Regrettably, we have lived through our civilisational peak. For proof, look no further than Africa, where western-backed governments collapse domino-like before our very eyes. As the world returns to multipolarity the West runs the risk of becoming an irrelevant backwater mired in internal strife.
It will take a different calibre of leadership and reinvigorated populace to change course. It needn’t have been this way, but such are the fruits of our own complacency.

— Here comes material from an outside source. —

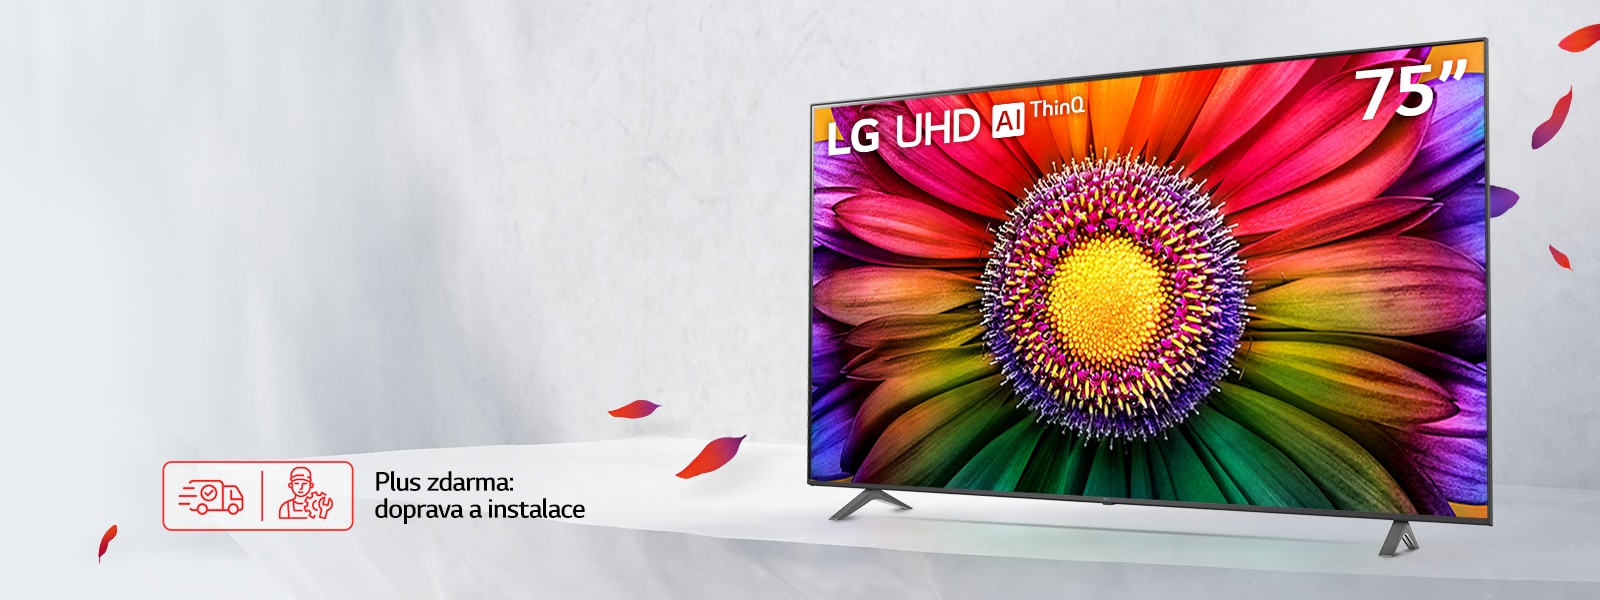 LG 4K UHD TV Velká obrazovka za nejlepší cenu
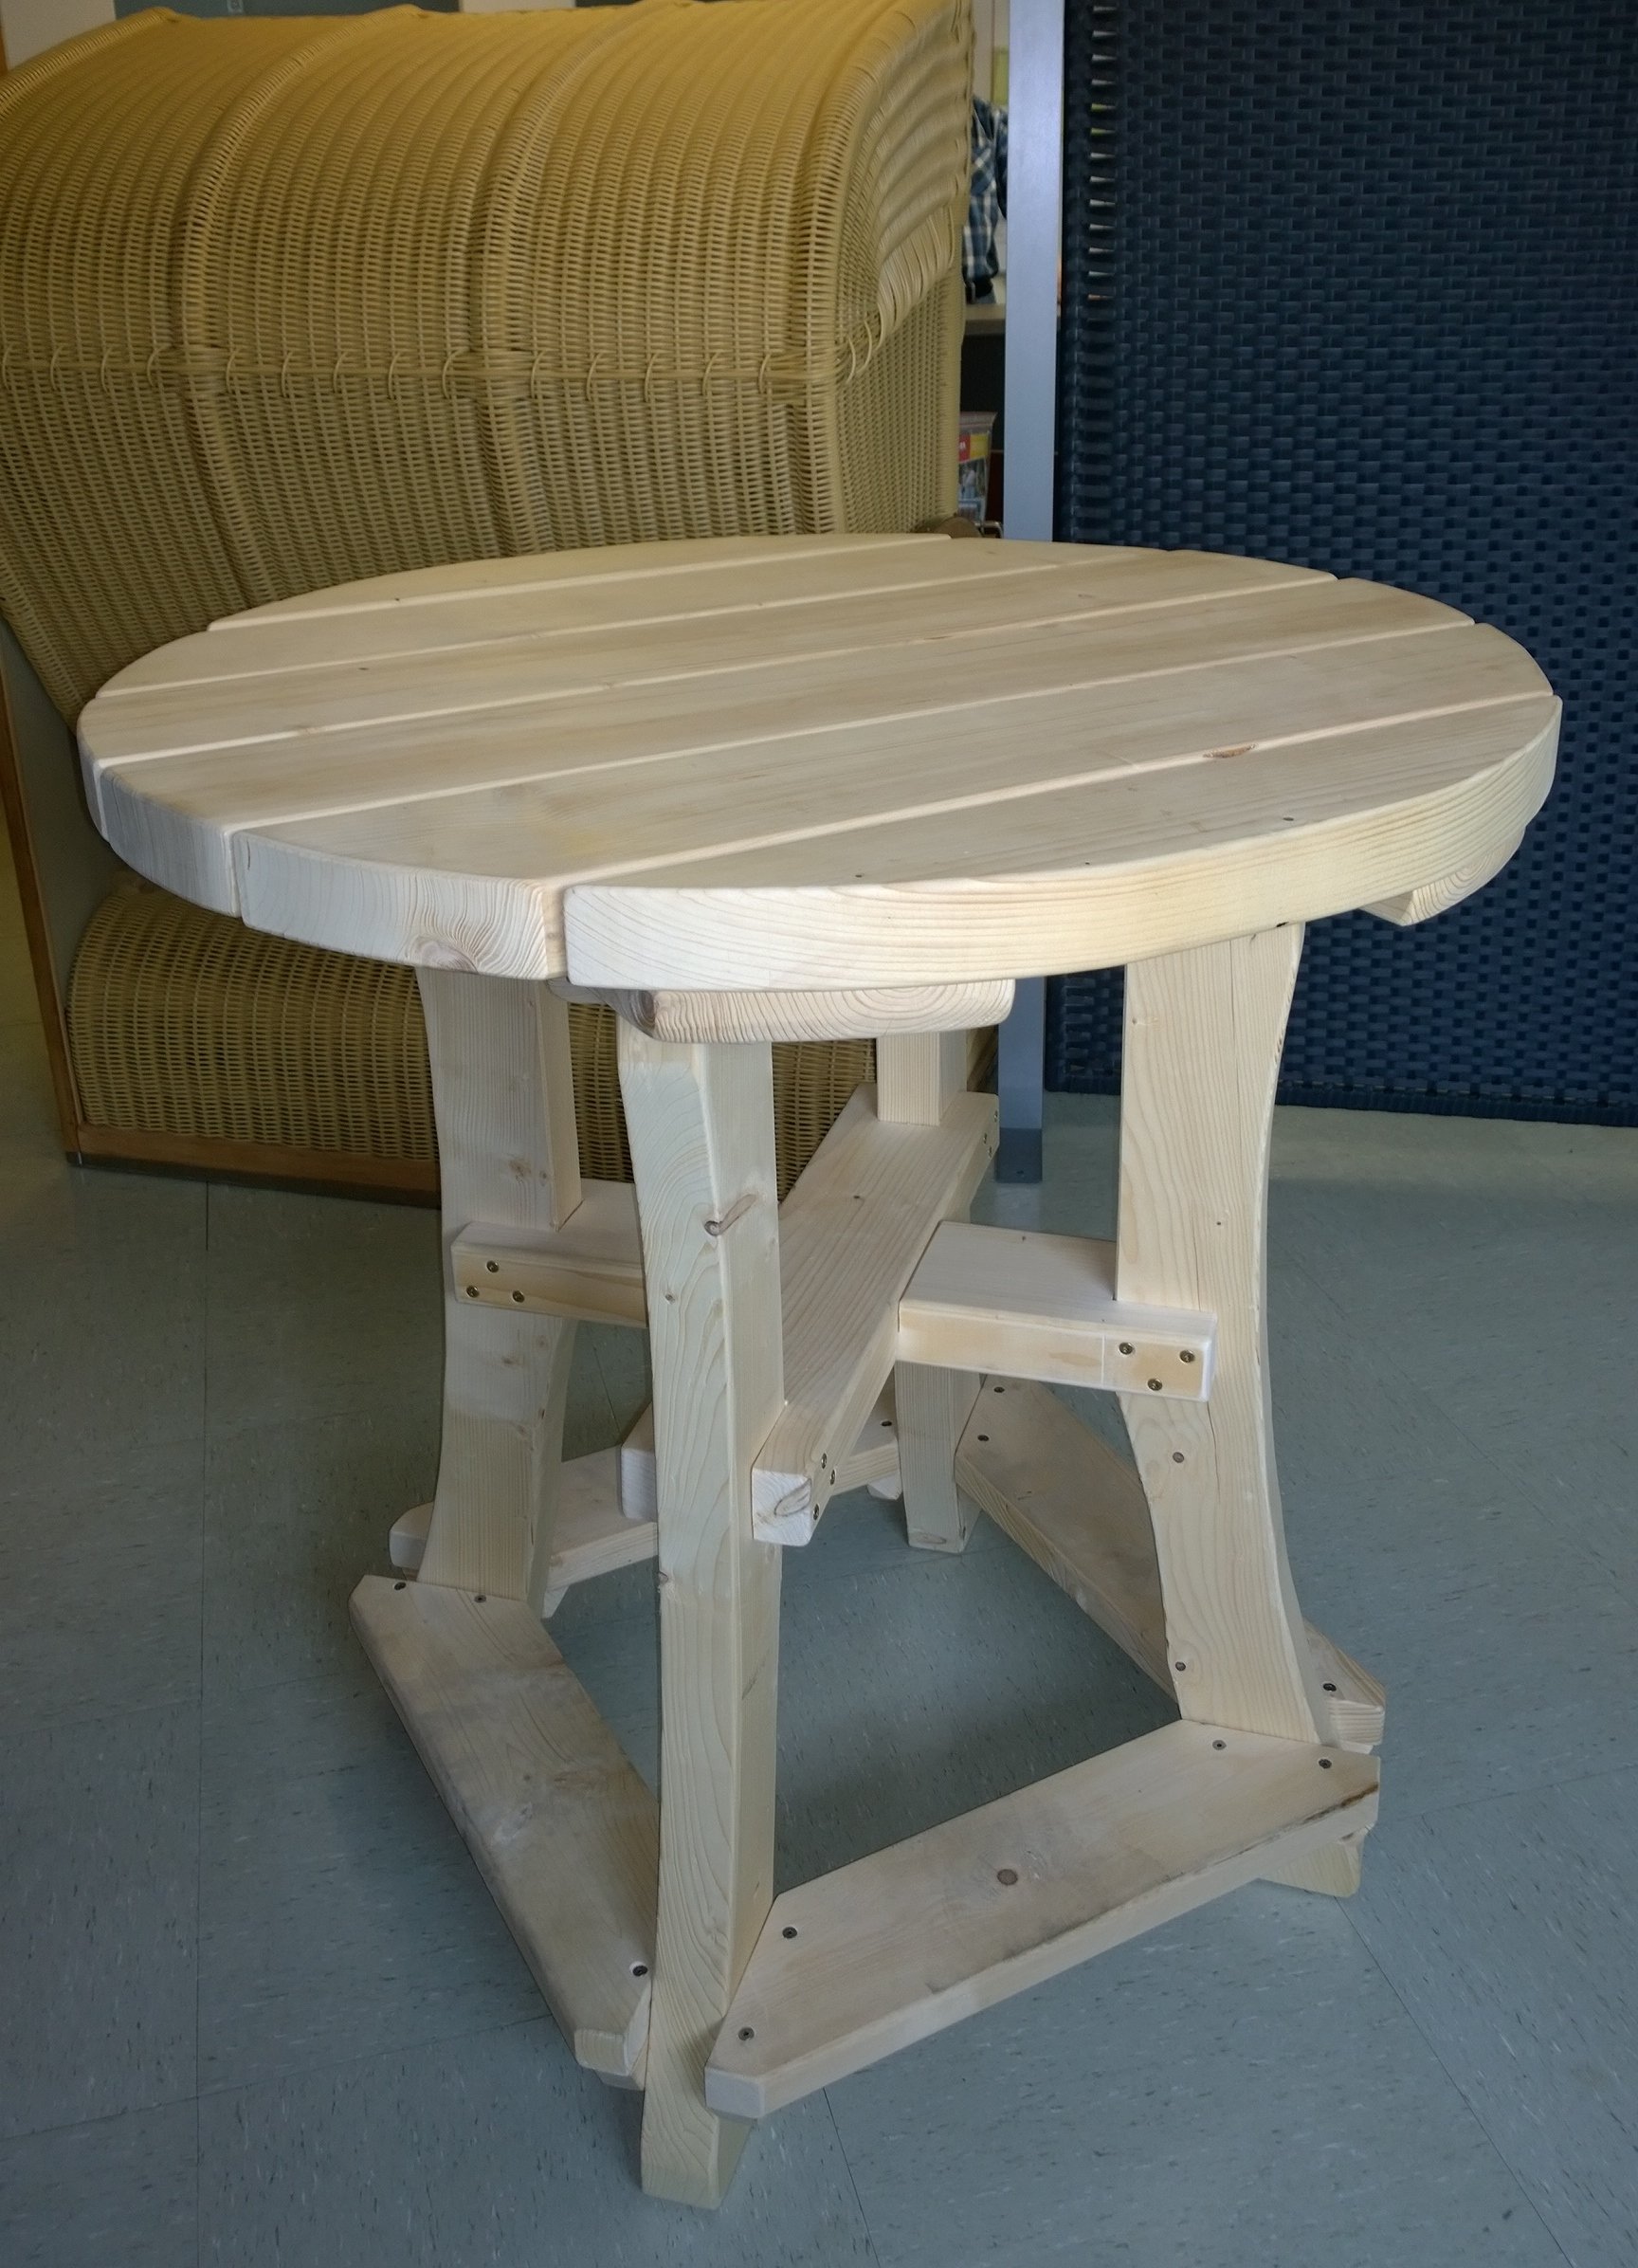 SAUERLAND Partytisch, DER stabile Stehtisch aus Fichtenholz natur, Ø 110 cm x H 107 cm

I've been watching a couple of fascinating series about India and its history: from the despairing viewpoint of Broken Blighty, I noted the resourcefulness, the many skills, the attachment to history and culture, the intelligence and the expertise which will surely lead India to an era of success, while we stagnate, overwhelmed, alienated and undermined by the sheer stupidity and arrogance of those in charge.
Students have been told that their chosen accommodation will no longer be available, having been allocated to the growing numbers of illegal arrivals, whose needs take priority.
A particularly irritating spokesperson- or should that be wokesperson- one Chris Stark- has tecommended that our heating should be turned off in the evenings, as temperatures fall and people gather at home.
Mr Stark Raving Bonkers is on a 6 figure salary apparently; say no more.
Gatwick Airport falls into chaos, waiting lists are soaring, excess deaths are rising, yet we are being nudged into serfdom by means of demand management ,speech and thought control, while millions are splurged on the illegal arrivals who will continue to avail themselves of the costly welcome facilities.
Finally, the next jabberwocky will shortly be rolled out, as our ever reliable media whips up the necessary panic and compliance.
Of course I agree with everything you say. But having said that what is to be done about it?
Virtually all MPs are parasites, the bought robots of political parties. They have led us into hell for 30 years and they will take us into complete slavery.
The only way forward is complete reform of the Parliamentary system with the abolition of political parties. Every MP should be independent and CONTRACTUALLY bound to their constituents to fulfil their electoral promises.
https://TheCounterRevolution.org.uk/wp-content/uploads/TCR/Counter-Revolution.pdf Pages 927 to 939.
Such a reform can only be brought about by mass civil disobedience (Gandhi and MLK jr) - otherwise reform is quite impossible.